• Biomolecules · Feb 2020

    Editorial

    Rigidity of the Outer Shell Predicted by a Protein Intrinsic Disorder Model Sheds Light on the COVID-19 (Wuhan-2019-nCoV) Infectivity.

    • Gerard Kian-Meng Goh, A Keith Dunker, James A Foster, and Vladimir N Uversky.
    • Goh's BioComputing, Singapore 548957, Singapore.
    • Biomolecules. 2020 Feb 19; 10 (2).

    AbstractThe world is currently witnessing an outbreak of a new coronavirus spreading quickly across China and affecting at least 24 other countries. With almost 65,000 infected, a worldwide death toll of at least 1370 (as of 14 February 2020), and with the potential to affect up to two-thirds of the world population, COVID-19 is considered by the World Health Organization (WHO) to be a global health emergency.

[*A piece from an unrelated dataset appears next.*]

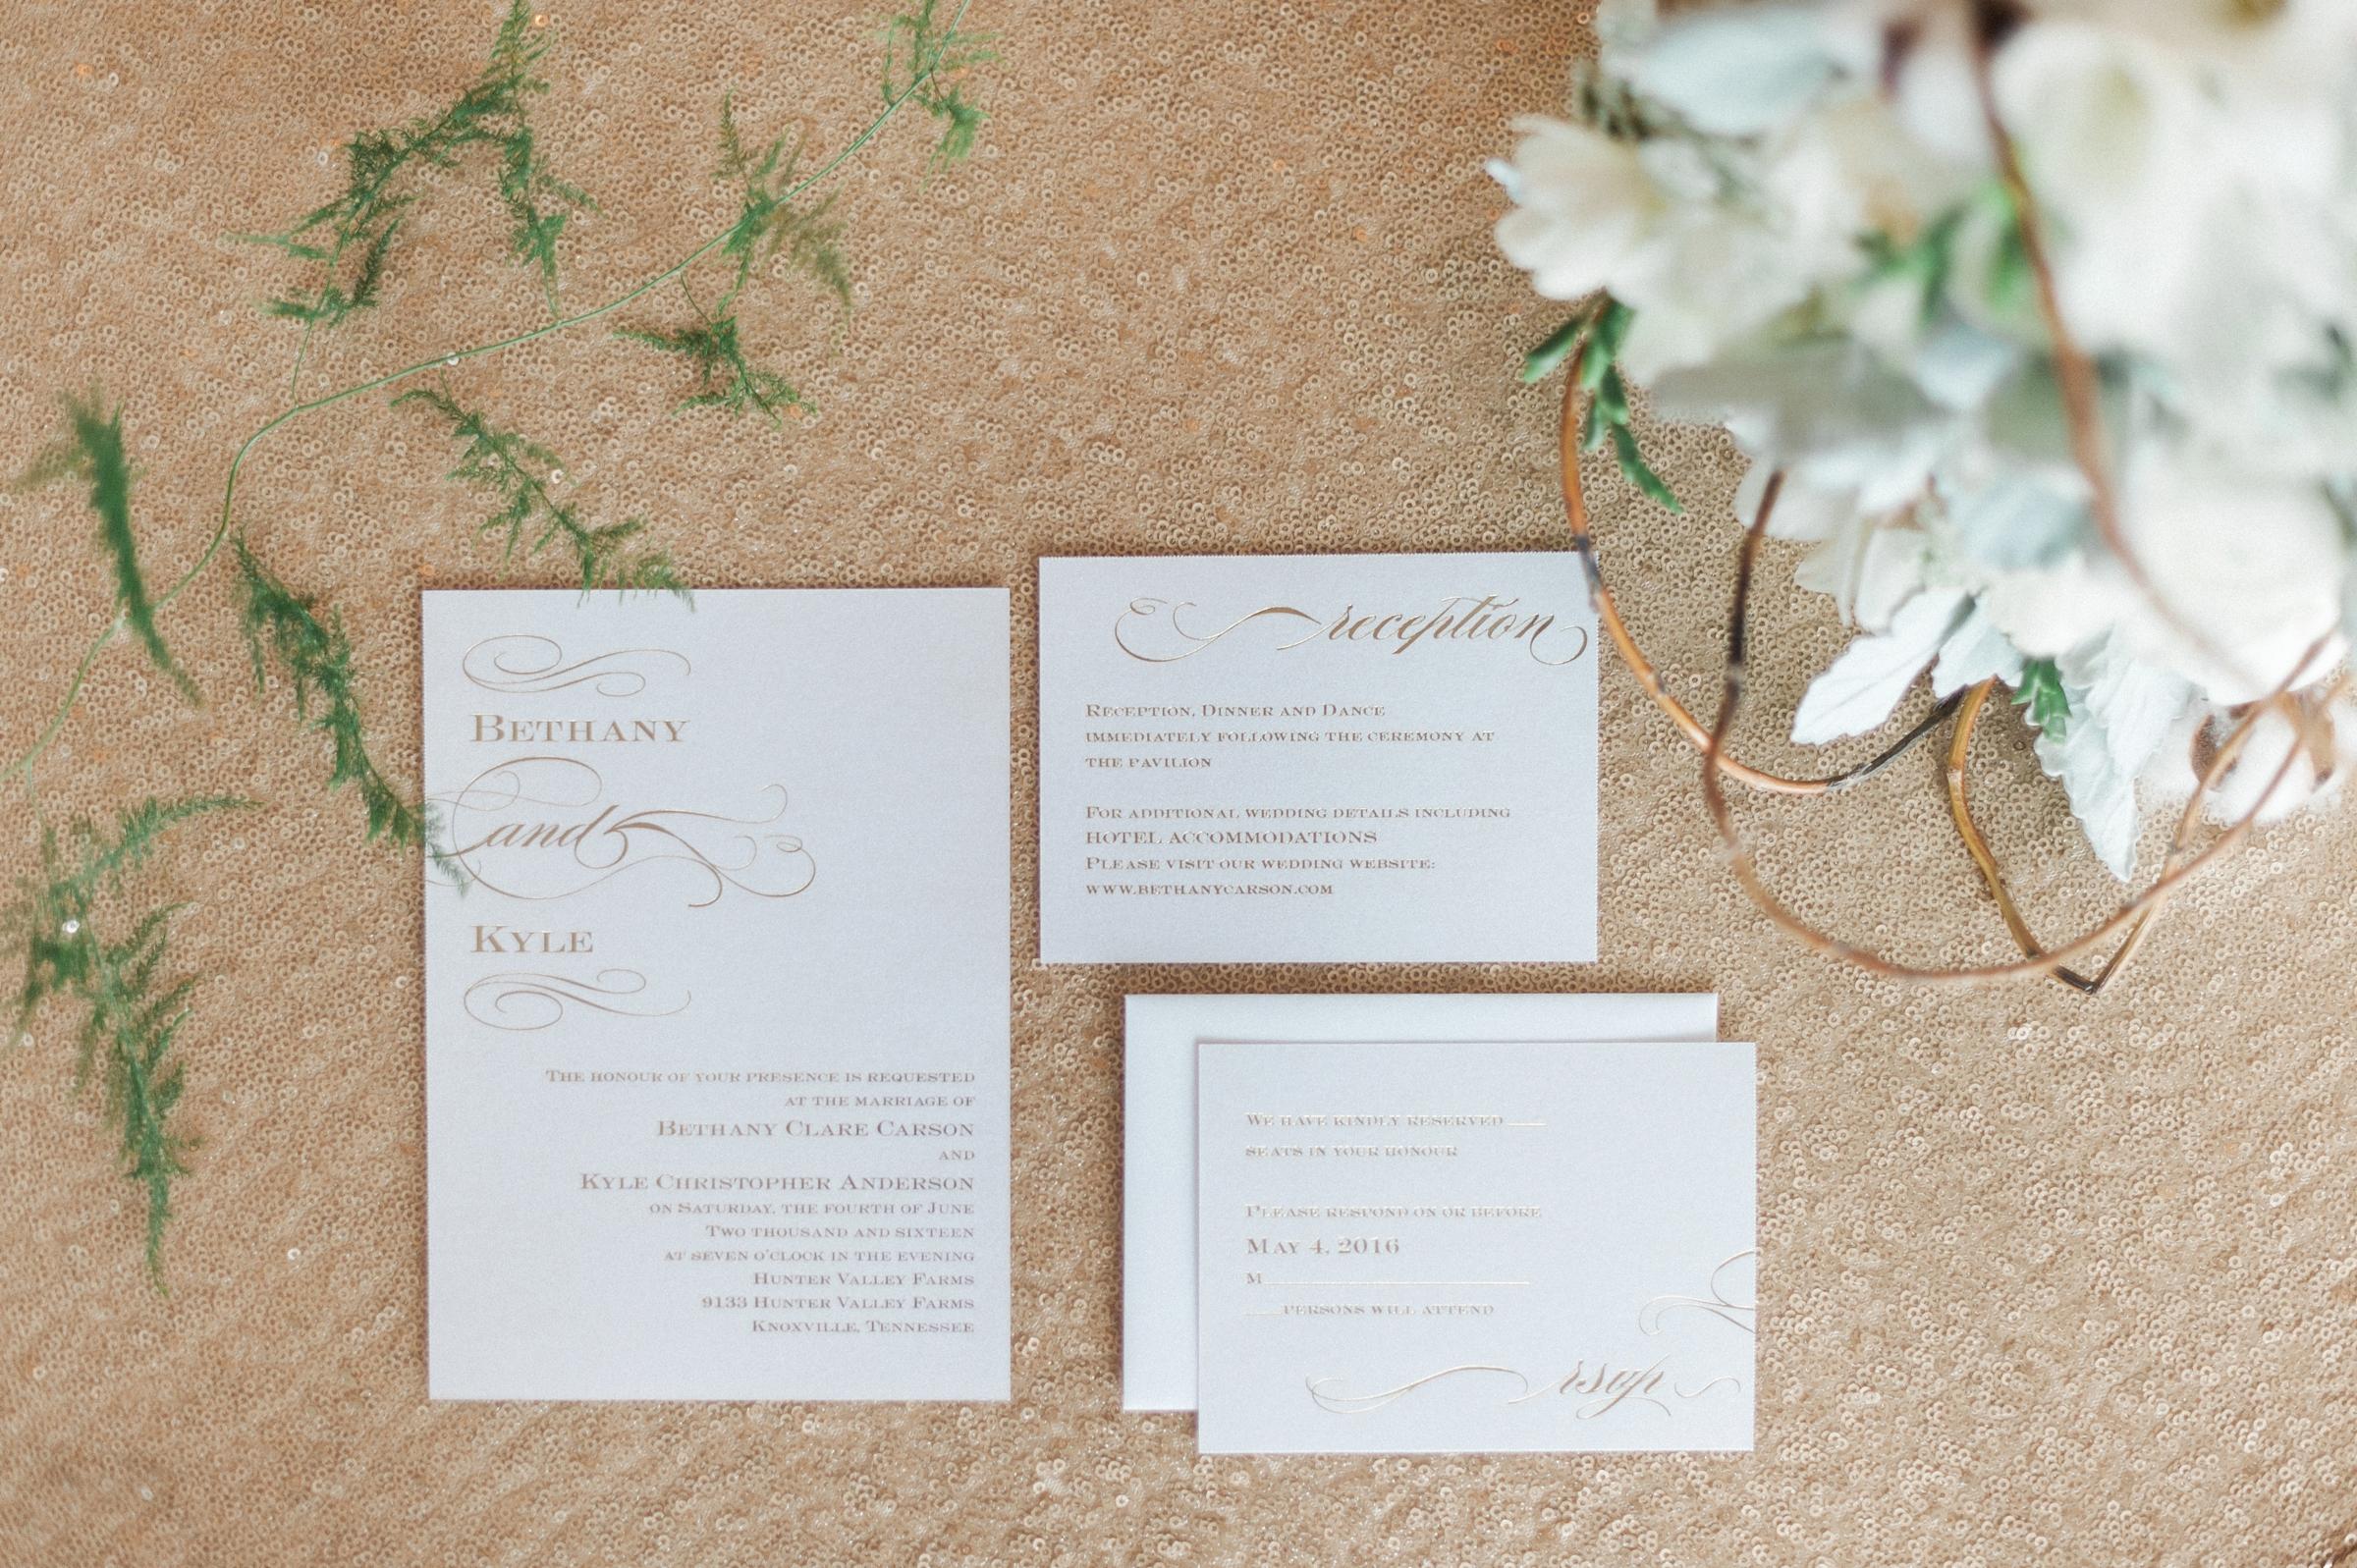 Knoxville-Wedding-Photographer_0003.jpg
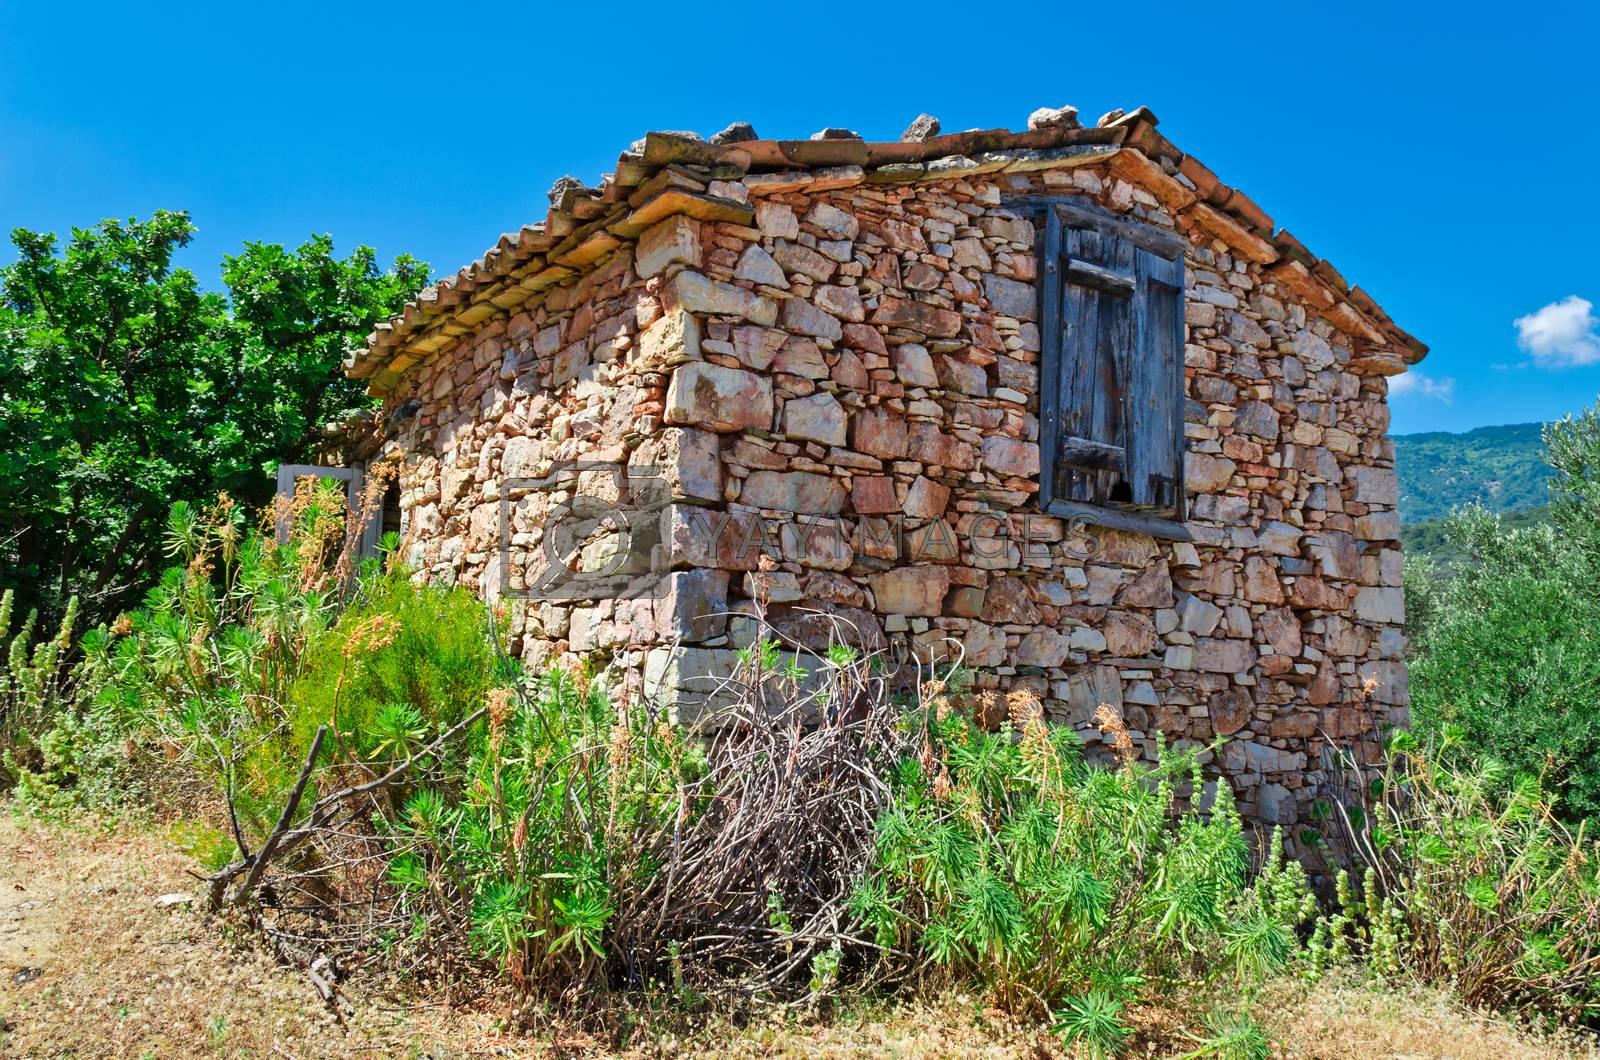 Old house near the village Vourliotes on aegean island Samos

The speed of spread and infectivity of COVID-19 (also known as Wuhan-2019-nCoV) are dramatically exceeding those of the Middle East respiratory syndrome coronavirus (MERS-CoV) and severe acute respiratory syndrome coronavirus (SARS-CoV). In fact, since September 2012, the WHO has been notified of 2494 laboratory-confirmed cases of infection with MERS-CoV, whereas the 2002-2003 epidemic of SARS affected 26 countries and resulted in more than 8000 cases. Therefore, although SARS, MERS, and COVID-19 are all the result of coronaviral infections, the causes of the coronaviruses differ dramatically in their transmissibility. It is likely that these differences in infectivity of coronaviruses can be attributed to the differences in the rigidity of their shells which can be evaluated using computational tools for predicting intrinsic disorder predisposition of the corresponding viral proteins.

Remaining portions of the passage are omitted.